**Record set:**
= Beginning of Section =
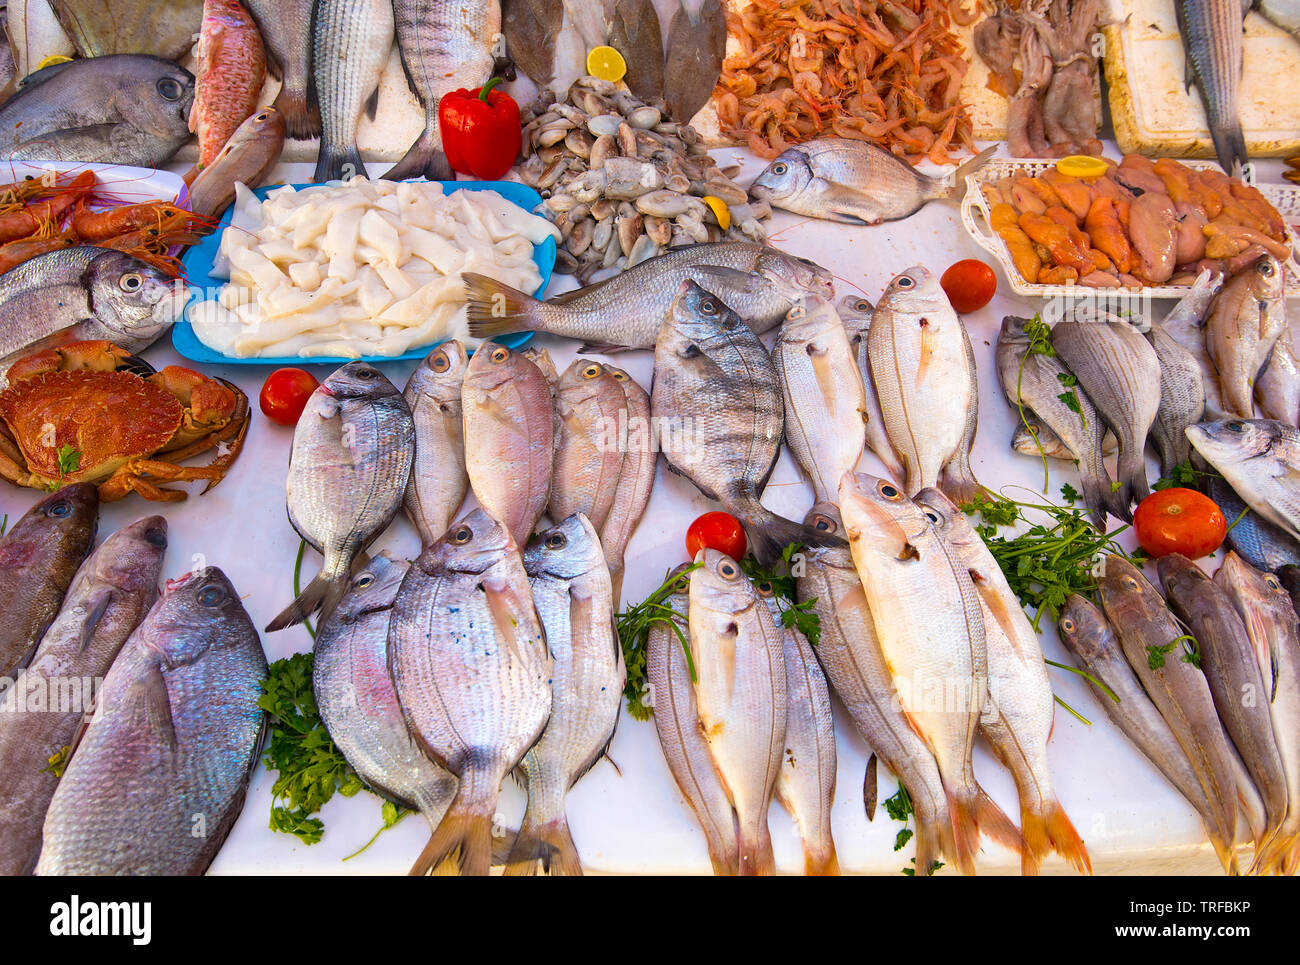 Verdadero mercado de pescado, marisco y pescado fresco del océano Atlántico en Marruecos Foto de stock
= End of Section =
= Beginning of Section =
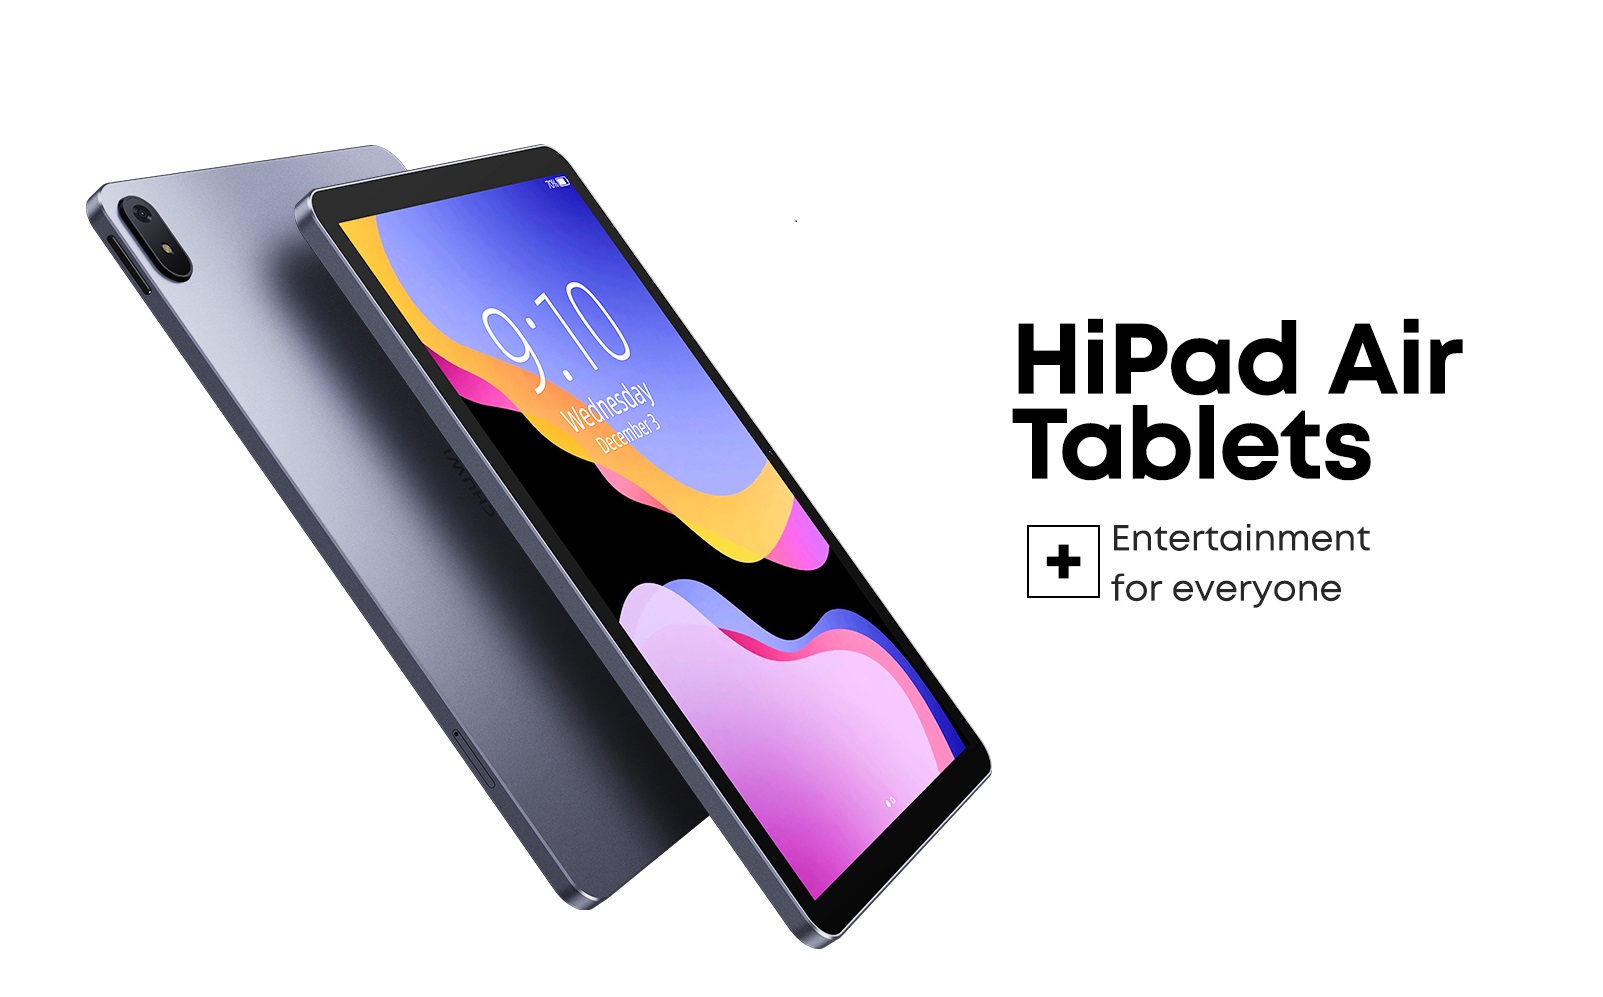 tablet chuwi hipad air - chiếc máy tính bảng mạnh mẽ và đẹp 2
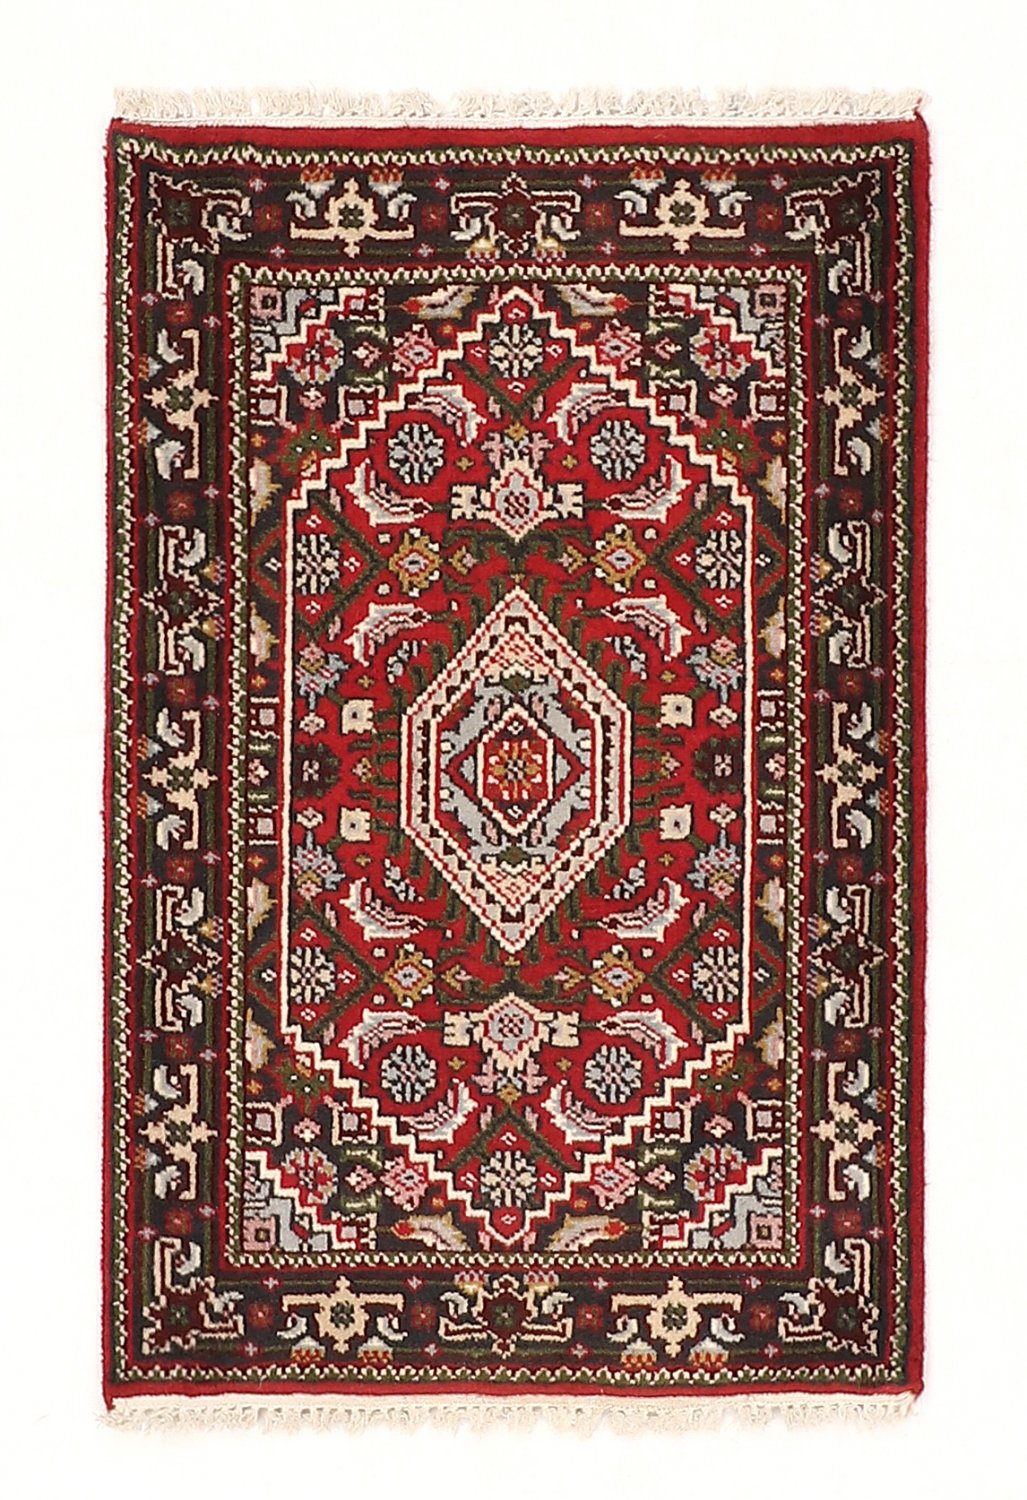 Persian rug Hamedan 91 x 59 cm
= End of Section =
= Beginning of Section =
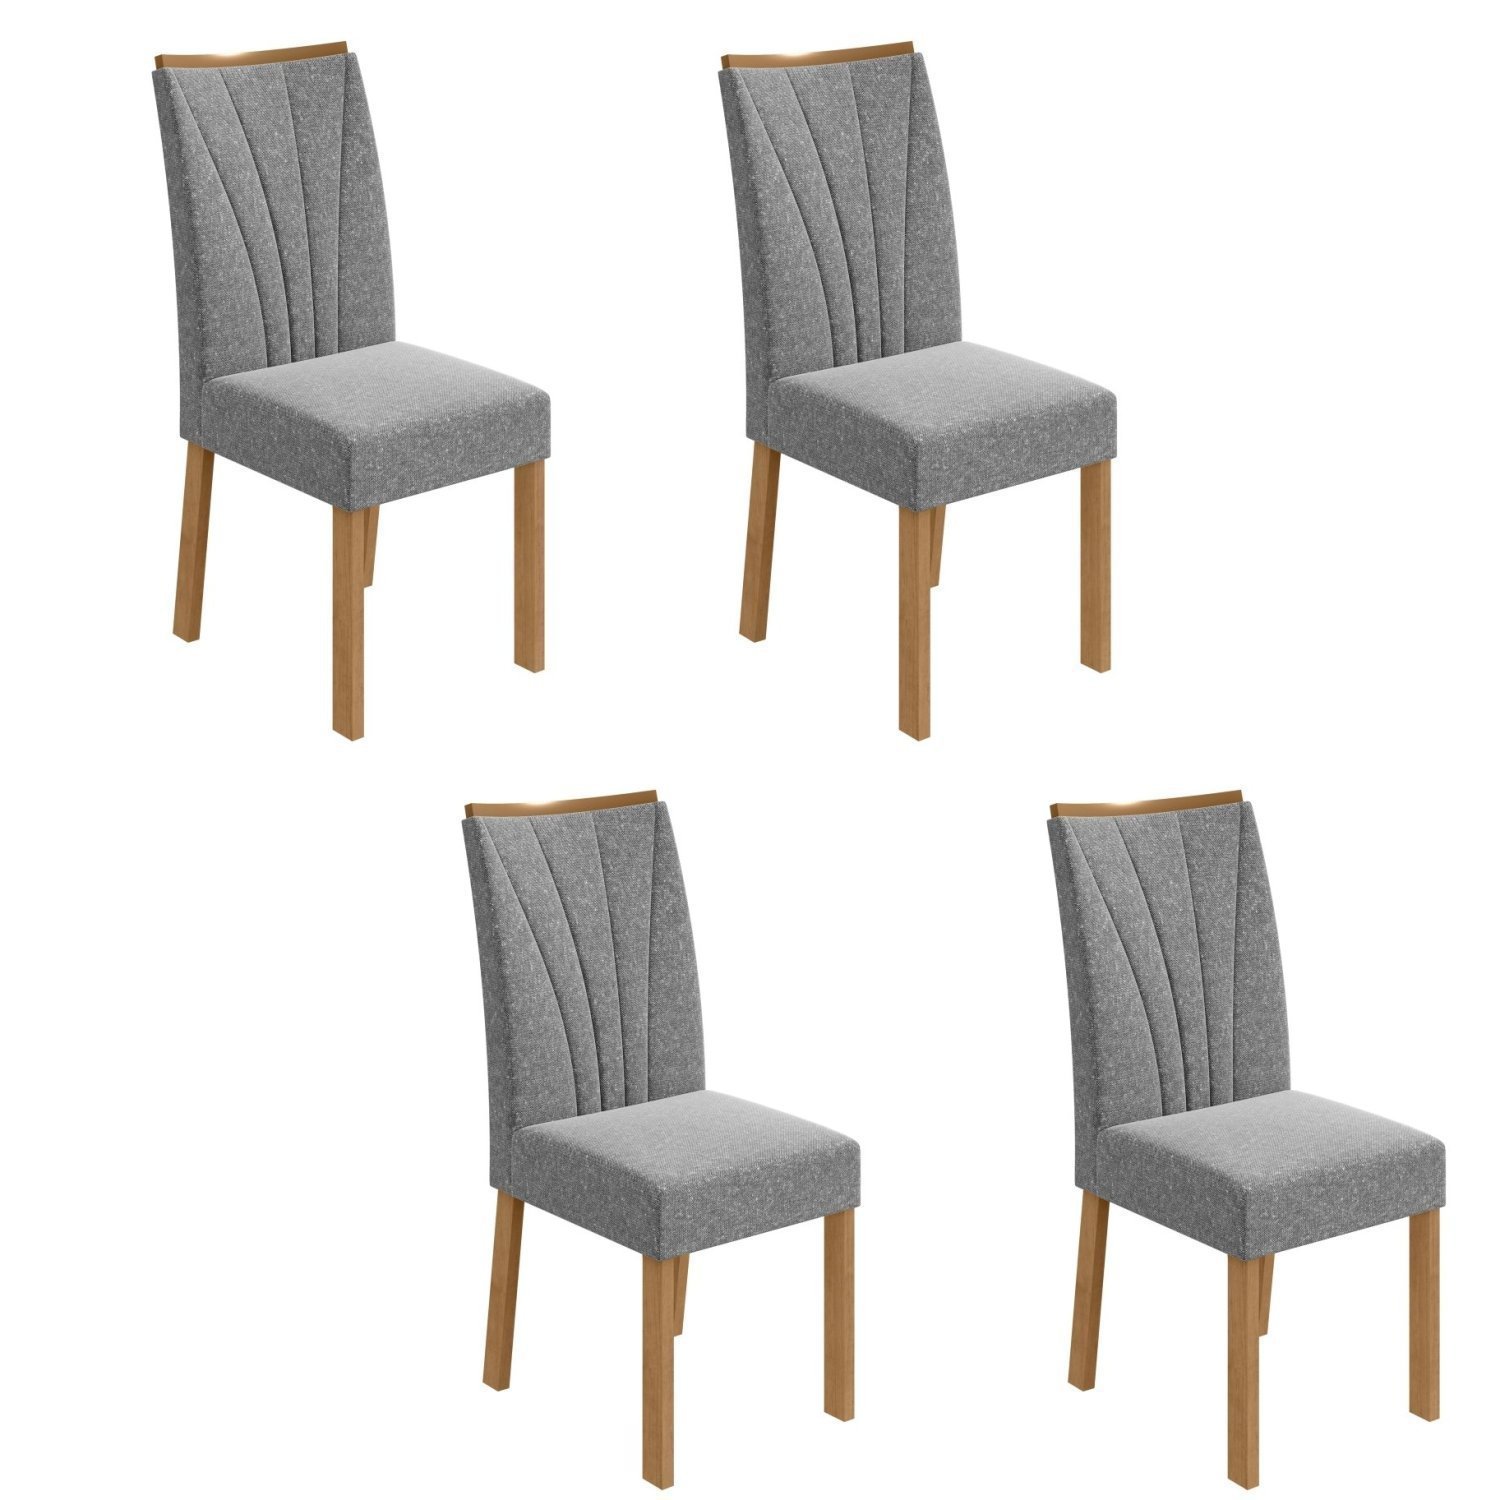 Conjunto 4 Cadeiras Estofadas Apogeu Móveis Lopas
= End of Section =
**Aim of the exercise:** Starting at the line with "tablet chuwi hipad" in the entries above, write out every line exactly until the line with "Persian rug Hamedan 91 x 59 cm" has been written. Include no pictures and nothing more.

**Exercise solution:**
 tablet chuwi hipad air - chiếc máy tính bảng mạnh mẽ và đẹp 2
 Persian rug Hamedan 91 x 59 cm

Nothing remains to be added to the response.